DINESH MAHESHWARI, J. - (1.)By way of this appeal, the assessee-appellant has called in question the order dated 15.05.2009 passed in Income Tax Appeal No. 164 of 2008 whereby, the High Court of Judicature for Rajasthan at Jodhpur has summarily dismissed the appeal against the order dated 29.08.2008 passed in ITA No. 117/JU/2008 by the Income Tax Appellate Tribunal, Jodhpur Bench at Jodhpur; and thereby, the High Court has upheld the computation of total income of the assessee-appellant for the assessment year 2005-2006 with disallowance of payments to the tune of Rs. 57,11,625/-, essentially in terms of Section 40(a)(ia) of the Income Tax Act, 1961[1] for failure of the assessee-appellant to deduct the requisite tax at source[2].
[1] Hereinafter referred to as 'the Act of 1961' or simply 'the Act'.

[2] Tax deducted at source' being referred as TDS'

(2.)We may take note of the relevant factual and background aspects of the case while keeping in view the root point calling for determination in this appeal, that is, as to whether the payments in question have rightly been disallowed from deduction in computation of total income of the appellant?
Relevant factual and background aspects: the impugned order of assessment

(3.)In a brief outline of the relevant factual aspects, it could be noticed that the assessee-appellant, a partnership firm, had entered into contract with M/s Aditya Cement Limited, Shambupura, District Chittorgarh[3] for transporting cement to various places in India.

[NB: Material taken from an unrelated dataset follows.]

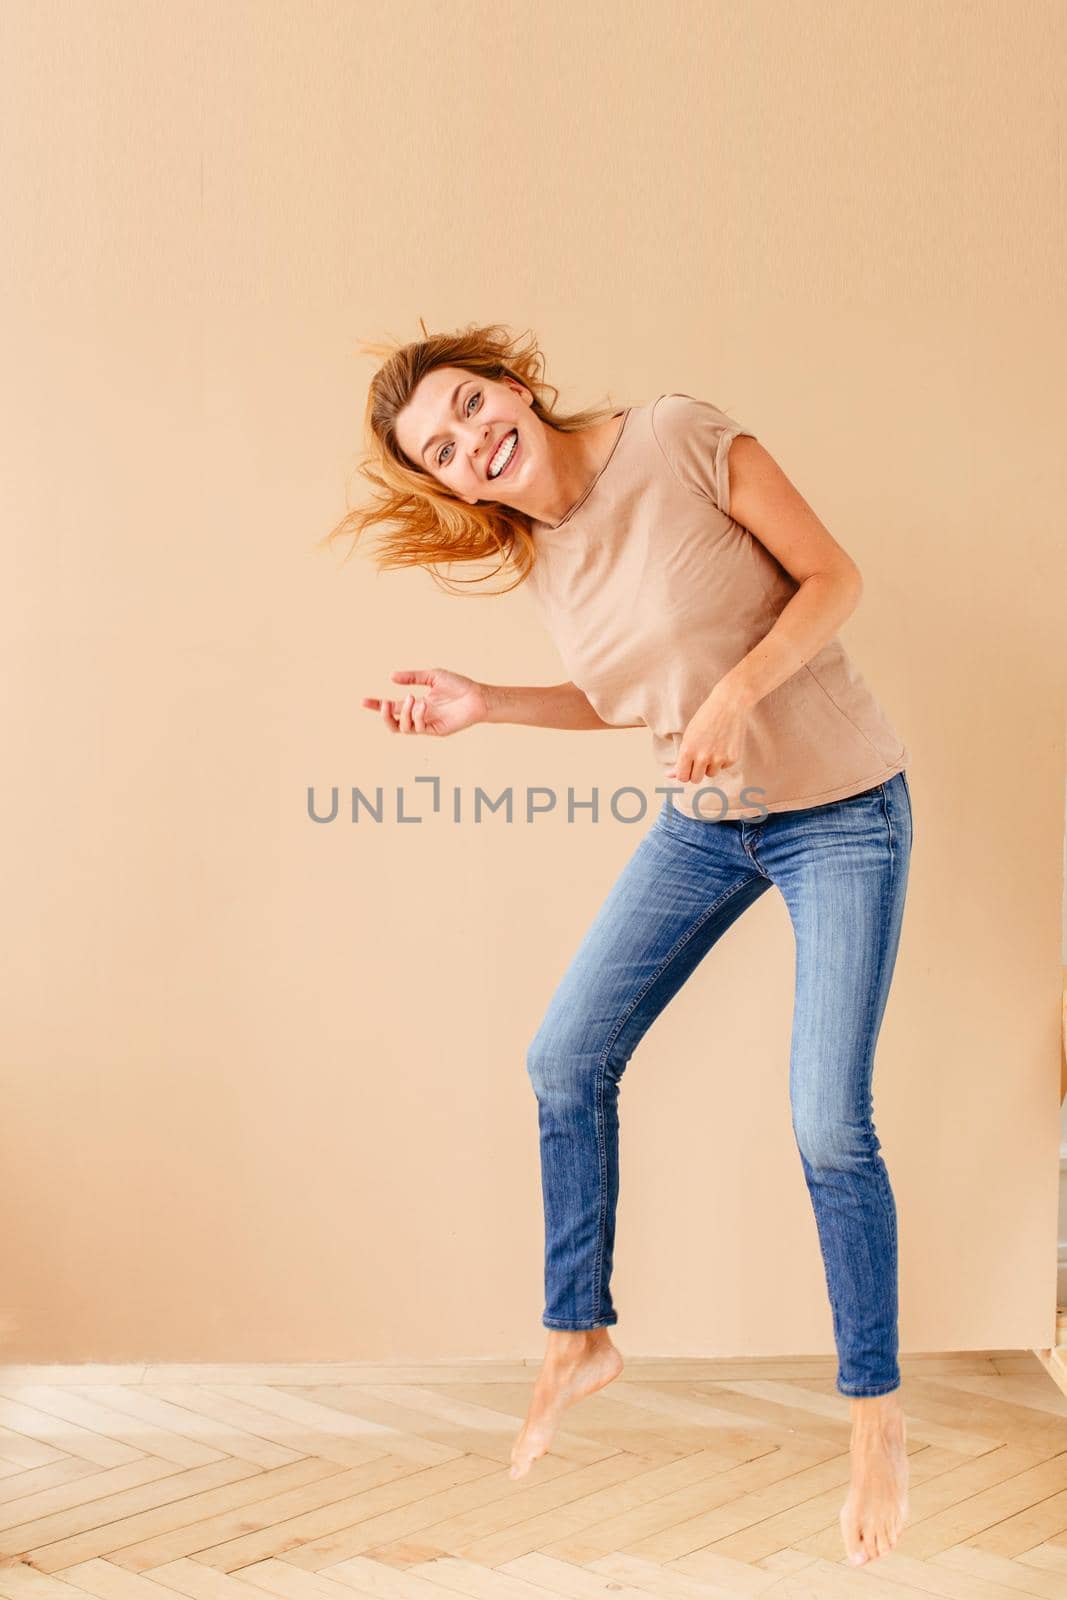 Portrait of a joyful young woman jumping by Demkat
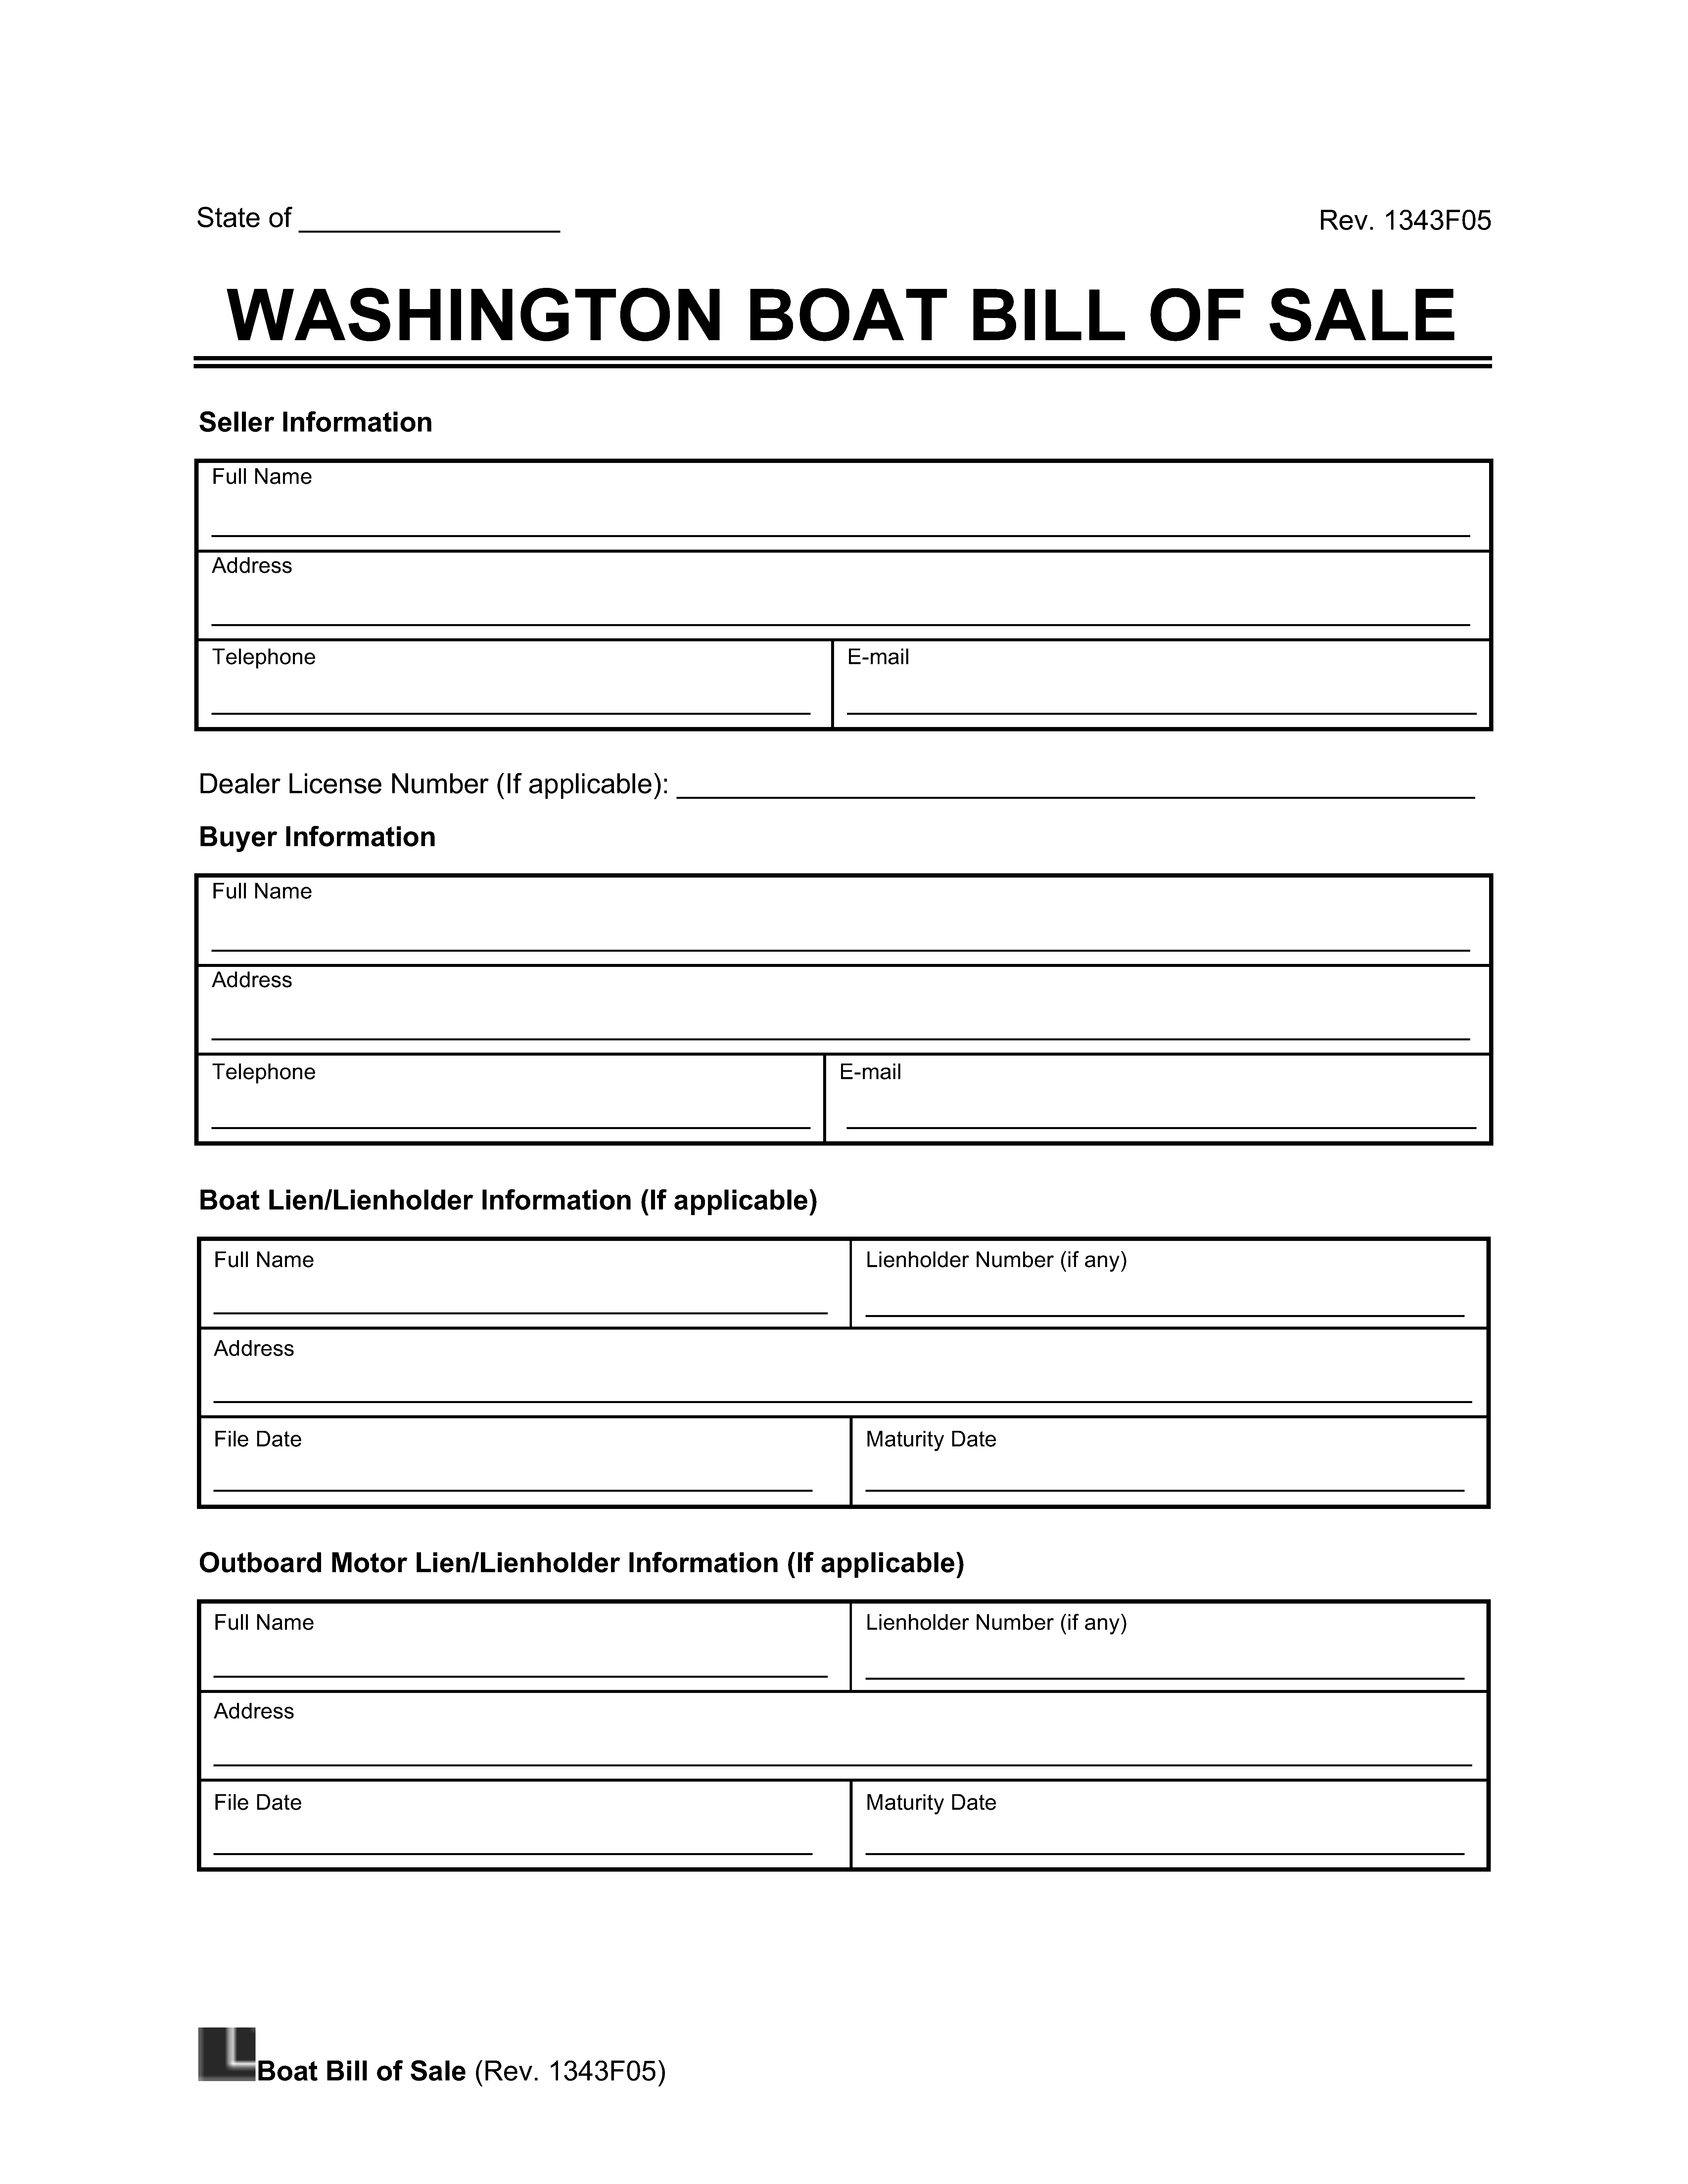 Washington Boat Bill of Sale Template

As the appellant was not having the transport vehicles of its own, it had engaged the services of other transporters for the purpose. The cement marketing division of M/s Aditya Cement Limited, namely, M/s Grasim Industries Limited, effected payments towards transportation charges to the appellant after due deduction of TDS, as shown in Form No. 16A issued by the company.
[3] Hereinafter also referred to as "the consignor company" or "the company".